Beyond the Tech: A Human-Centered Approach
The launch event featured perspectives from leaders in various fields:
- Mr. Santhosh Mahendiran – Chief Data Analytics Officer, Techcombank
- Dr. Tran Quang Hung, Chairman, Hanoi Innovation Hub Joint Stock Company
- Mr. Ngo Quoc Hung – CEO, VinRobotics
- Mr. Rakesh Dayal – Managing Director, Ipsos Vietnam
- Dr. Abhishek Nayak – Report Author | Assistant Professor, College of Business & Management, VinUniversity
- Prof. Anant Mishra – Director of Research, College of Business & Management, VinUniversity
A major takeaway was that successful AI isn’t just about the technology itself, but about putting people first to ensure every innovation is fair and trustworthy.
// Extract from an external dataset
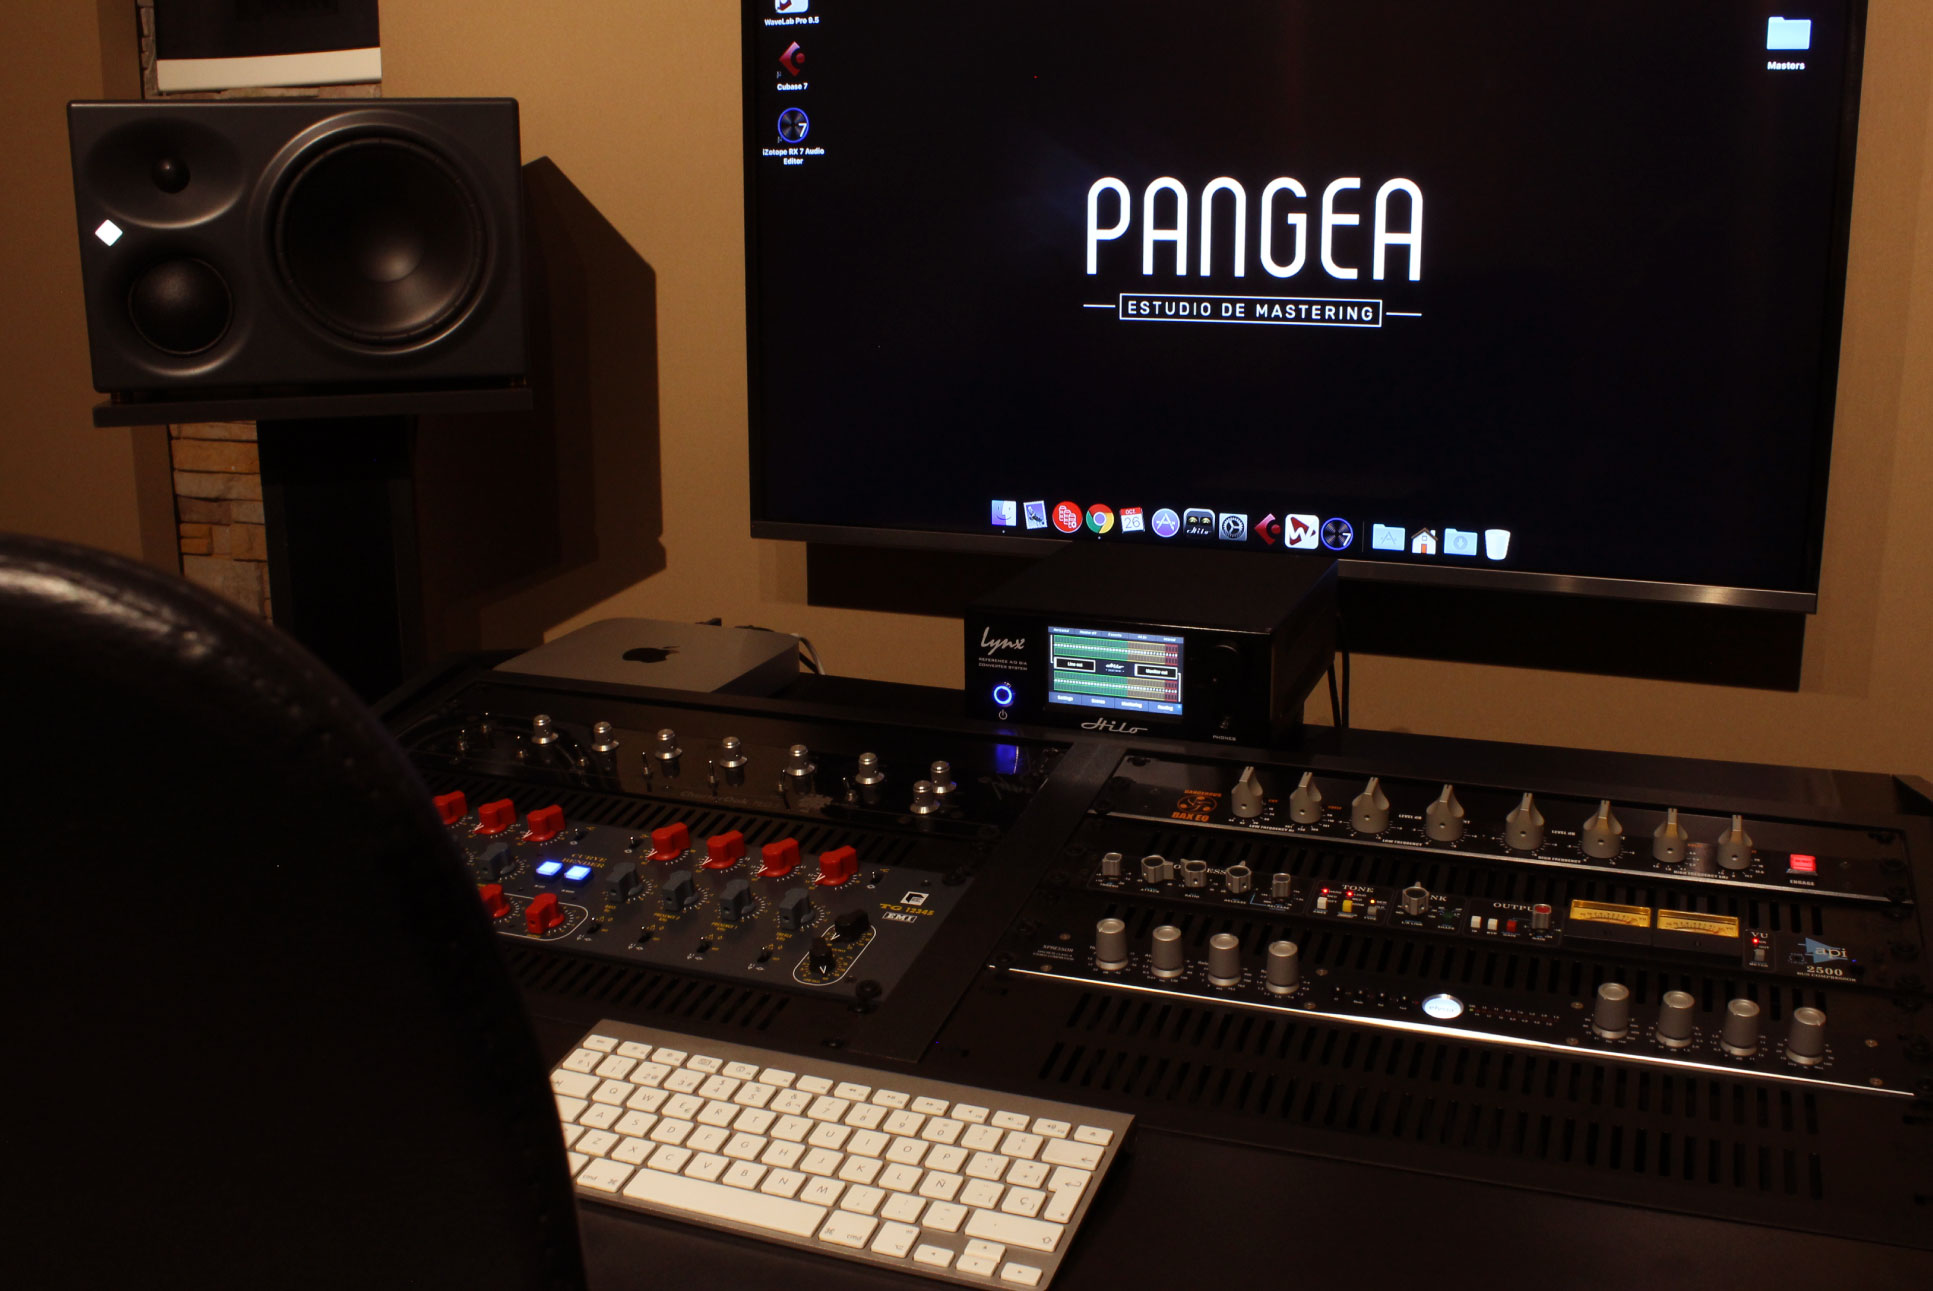 Pangea - Estudio de Mastering

Mr. Santhosh Mahendiran, Chief Data Analytics Officer at Techcombank, offered a vital reminder for the future of work:
“Education must be re-taught. We must prioritize critical thinking and judgment over memorization. As we enter the AI workforce era, our priority must be to ask: how do we take everyone along through reskilling and upskilling?”
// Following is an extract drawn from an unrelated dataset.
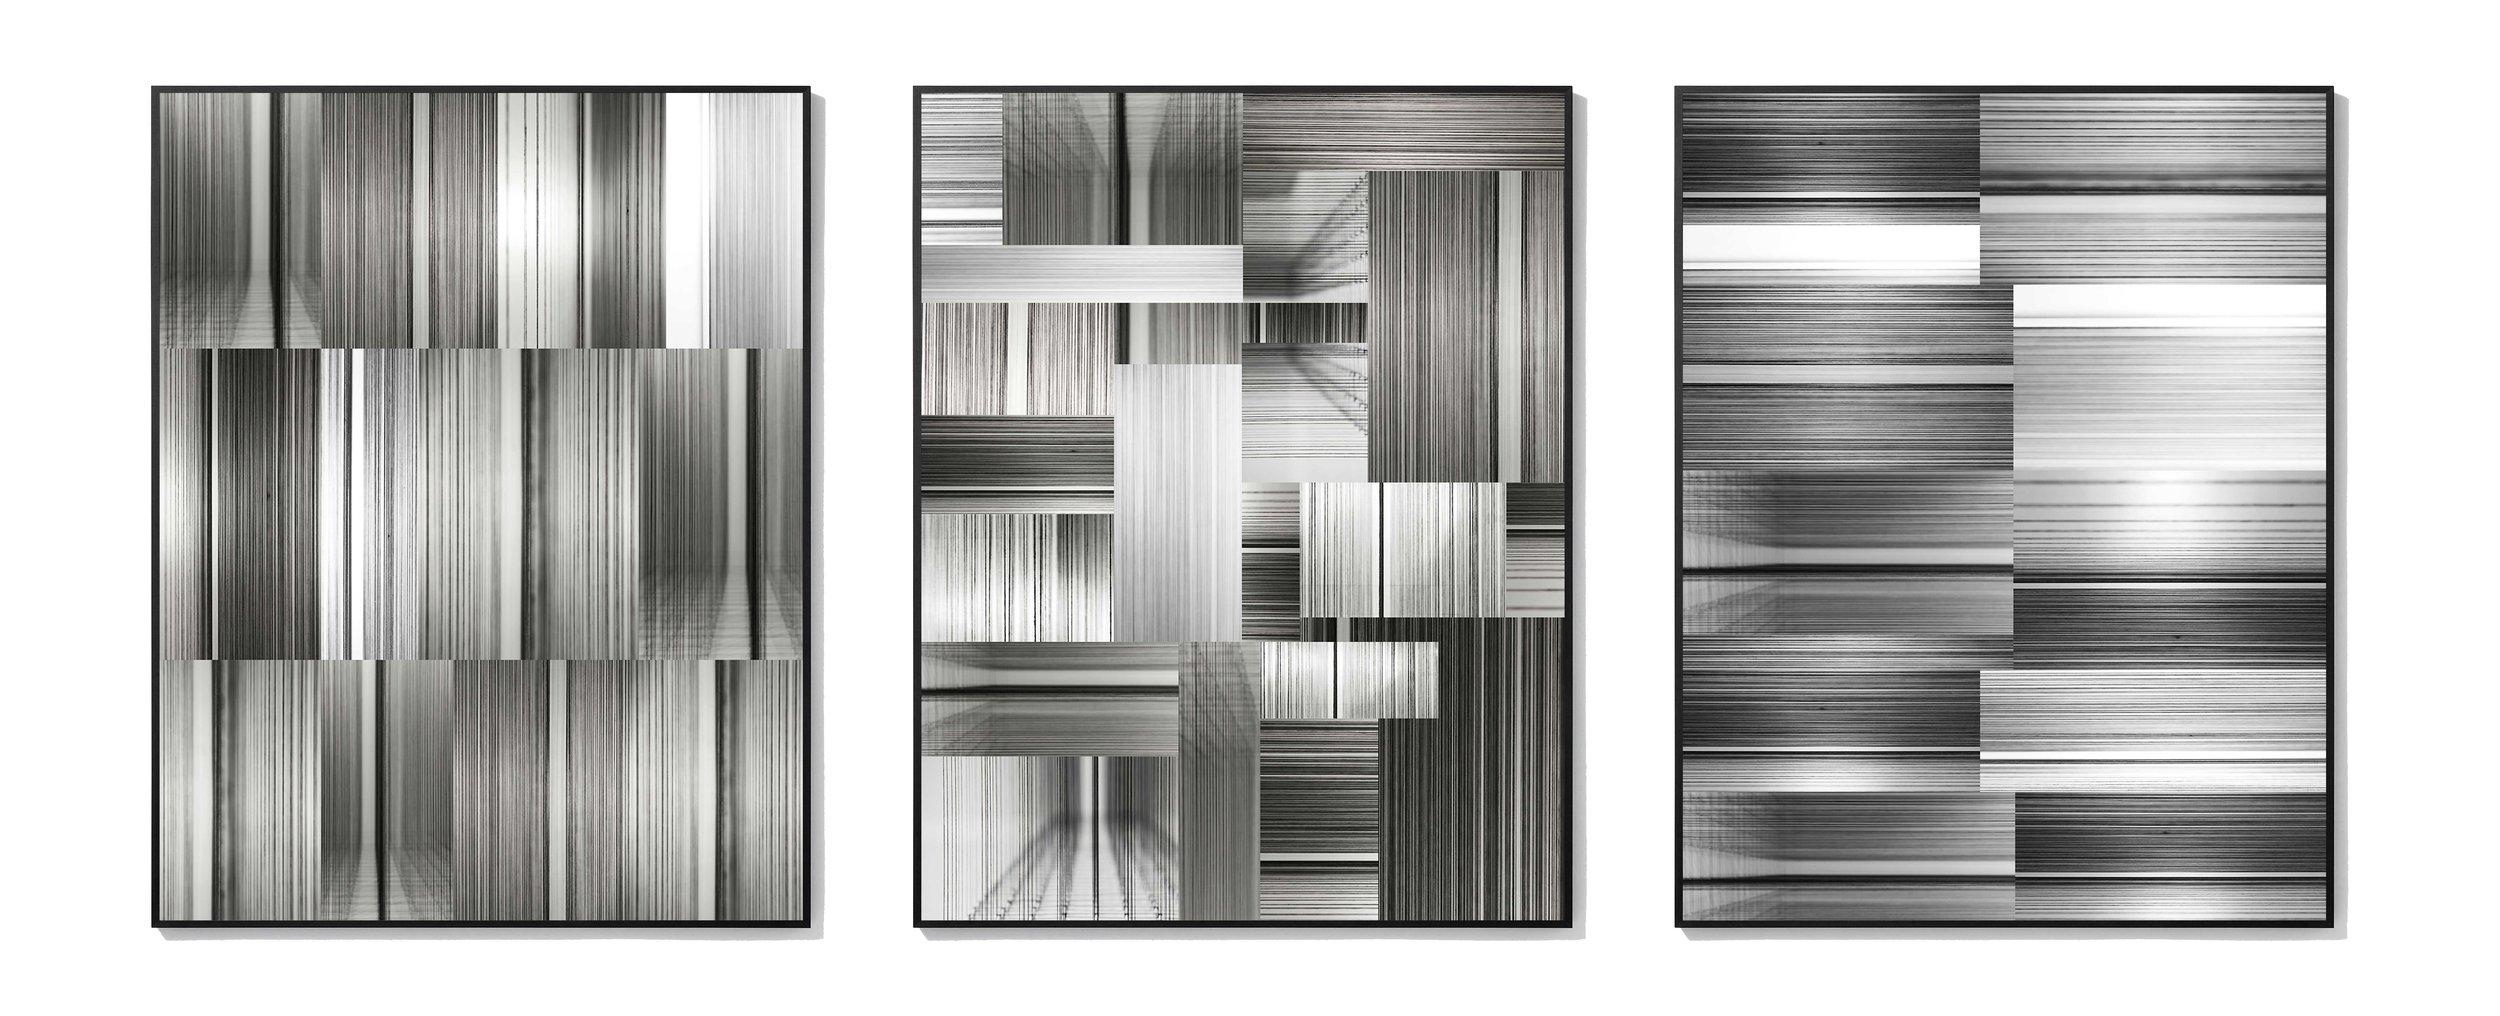 EunHye-Kang_Sequence-No.05,06,07_Digital-Collage_70x90(cm)each_2017.jpg

Mr. Santhosh Mahendiran – Chief Data Analytics Officer, Techcombank
He emphasized that for AI to be sustainable in business, it must be built on a foundation of fairness, ethics, accountability, and transparency.
The VinUni Direction: Building the “AI-Empowered Expert”
VinUniversity is actively aligning its strategic direction with the needs of this new era. As Provost Tan Yap Peng recently noted, the traditional university monopoly on knowledge is over. In an era where expert-level information is available at a click, the value of an institution lies in its learning velocity.

To bridge the gap identified in the report, VinUni’s strategic direction focuses on three pillars:
- Human Frontiers: Prioritizing judgment, ethical reasoning, and creativity – skills machines cannot replicate.
- Research Excellence: Moving from a teaching-focused model to a research-intensive one that solves real-world AI challenges.
- Institutional Agility: Integrating AI across all operations, from the classroom to administration, to ensure our students and faculty are “AI-empowered experts” rather than just “AI users.”
The “State of AI in Vietnam” report is more than a collection of data; it is a roadmap. For Vietnam to lead, we must move faster, build bolder, and, most importantly, ensure that our people are equipped to lead alongside the machines.